Polish musicologist (1933–2011)

Bohdan Pociej (17 January 1933 – 3 March 2011) was a Polish musicologist and writer who studied historical parallels between music and philosophy. His work mainly focused on Baroque and Romantic music. He wrote about the phenomenology of Husserl and Ingarden, and also about hermeneutics. Pociej was the author of several documents about Bach and Mahler; he examined music's role in the cultural complex and the intellectual trends of its period.

== Life and education==
Pociej was born in Warsaw, and received his primary and secondary education in Silesia.

In 1952, he began studies in the Department of Polish Studies at the University of Warsaw, but after a year he transferred to the newly formed Department of Musicology at the same university. In 1959 he received his Master of Arts degree for a dissertation on The Output of François Couperin (1668–1733) in Regard to His Harpsichord Pieces.

He lived in Podkowa Leśna.

==Career==
In 1957, Pociej began writing criticism for Ruch muzyczny (The Musical Movement), a music periodical; in 1959, he became an editor there. He published in many of Poland's culture magazines, including Przegląd kulturalny (The Cultural Review), Tygodnik Powszechny (The Catholic Weekly), Nowe Książki (New Books), Więź (The Link), Znak (The Sign) and Twórczość (Creative Work).

He made several series of radio broadcasts for Polish Radio 2, focusing on classical music, culture and the arts. He was a visiting lecturer at the Music Academies in Kraków and Warsaw, and took part in academic conferences, particularly on early music and the philosophy of music.

In 1983–1985, Bohdan Pociej joined the Musicologists' Section in the Polish Composers' Union. He was also a member of the Polish Writers' Association and the Polish Philosophical Association.

== Thought ==
Bohdan Pociej studied and wrote about both in musicology and philosophy. He called the domain of his writings "historiosophy".

Pociej described analogies between the thinking of composers and philosophers, including medieval parallels between the ideas of Thomas Aquinas and the Ars Nova musical period; parallels between the monadic system of Leibniz and the polyphonic musical forms of Bach; and the analogy between the thought of Hegel and the musical creation of Beethoven. He used terms coined by Leibniz or Kant play crucial role to explain the metaphysics of music. This combination of the philosophical and musical systems of one time period is demonstrated in his book Jan Sebastian Bach – muzyka i wielkość (Johann Sebastian Bach – Music and Greatness).
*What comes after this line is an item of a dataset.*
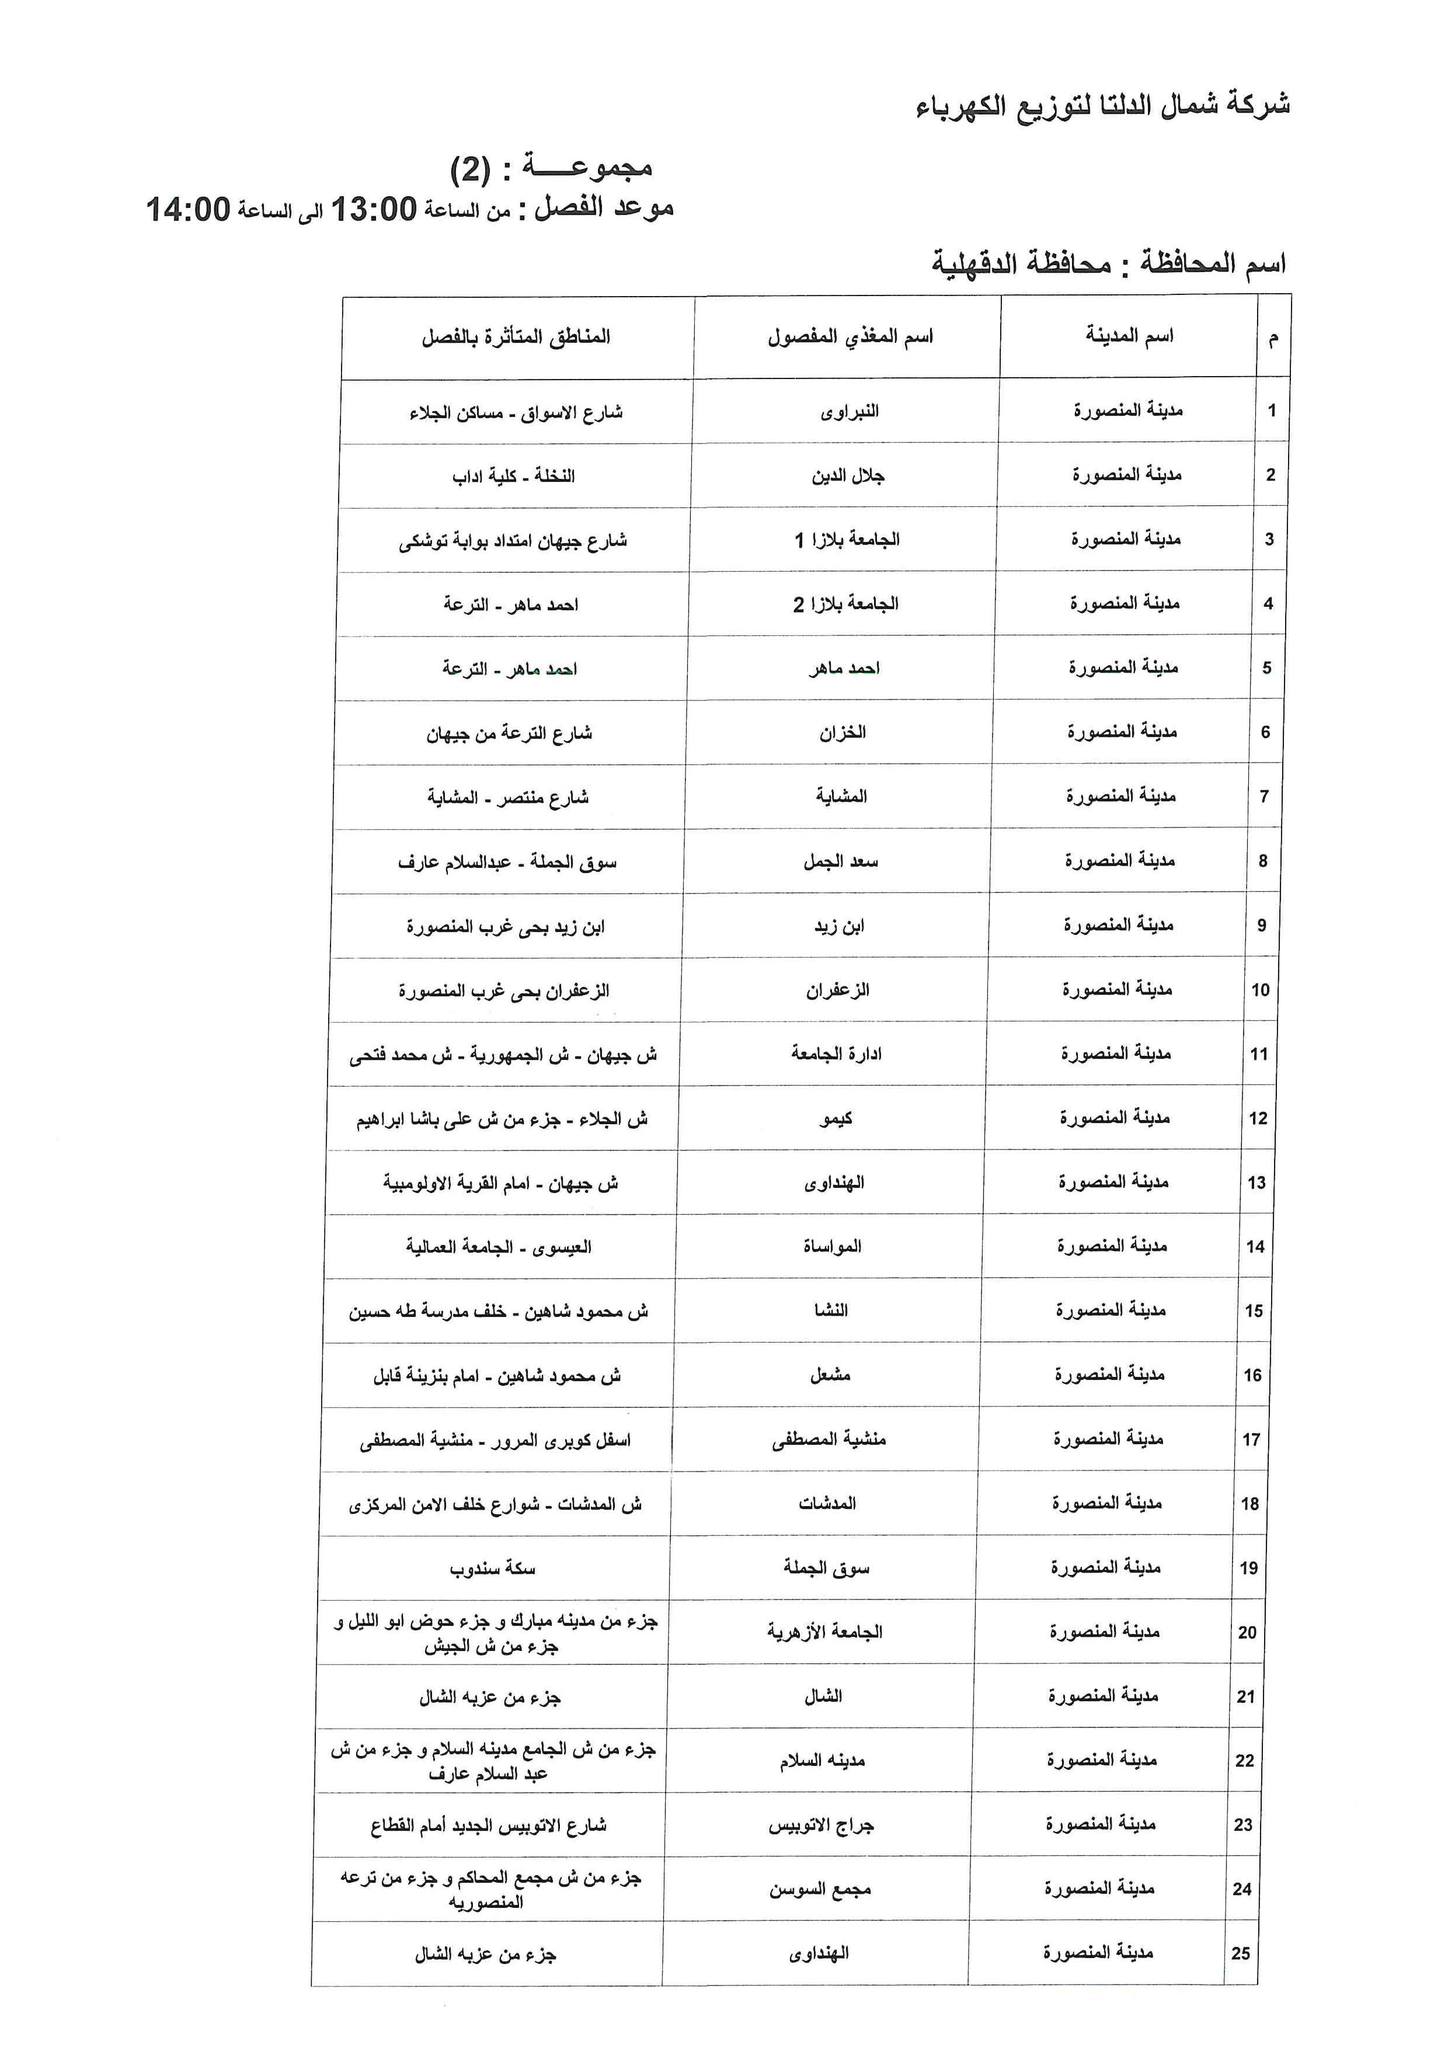 الإعلان عن خطة تخفيف أحمال الكهرباء فى محافظة الدقهلية 3

In his books, Mahler and Romantyzm bez granic (Romanticism without borders), Pociej described three stages of musical imagination in the Romantic composers: musical craftsmanship, emotionality, and “pure inwardness revealed in music” (expression of objective feelings so that they are experienced spiritually by the listener). The attainment of this third stage he asserted to be rare, appearing in the works of (Schubert, Mahler and Bruckner).
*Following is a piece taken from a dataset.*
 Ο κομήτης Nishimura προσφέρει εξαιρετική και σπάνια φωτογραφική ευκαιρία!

In 2003, an M.A. dissertation about Bohdan Pociej's musical writing was submitted at the Department of Musicology, University of Warsaw.

== Works ==
- Klawesyniści francuscy (French harpsichord players), PWM, Kraków 1969
- Jan Sebastian Bach – muzyka i wielkość (Johann Sebastian Bach – Music and Greatness) PWM, Kraków 1972
- Lutosławski a wartość muzyki (Lutosławski and the value of music), PWM, Kraków 1976
- Szkice z późnego romantyzmu, (Sketches on late Romanticism) PWM, Kraków 1978
- Gustav Mahler, PWM, Kraków 1992
- Wagner, PWM, Kraków 2004
- Bycie w muzyce. Próba opisania twórczości Henryka Mikołaja Góreckiego (Being in music. An attempted description of Henryk Mikołaj Górecki's creative output), Academy of Music in Katowice 2005
- Z perspektywy muzyki. Wybór szkiców (From the perspective of music. A selection of sketches), Biblioteka "Więzi", Warszawa 2005
- Romantyzm bez granic (Romanticism without borders), Biblioteka "Więzi", Warszawa 2008

Pociej also contributed to the New Grove Dictionary of Music and Musicians.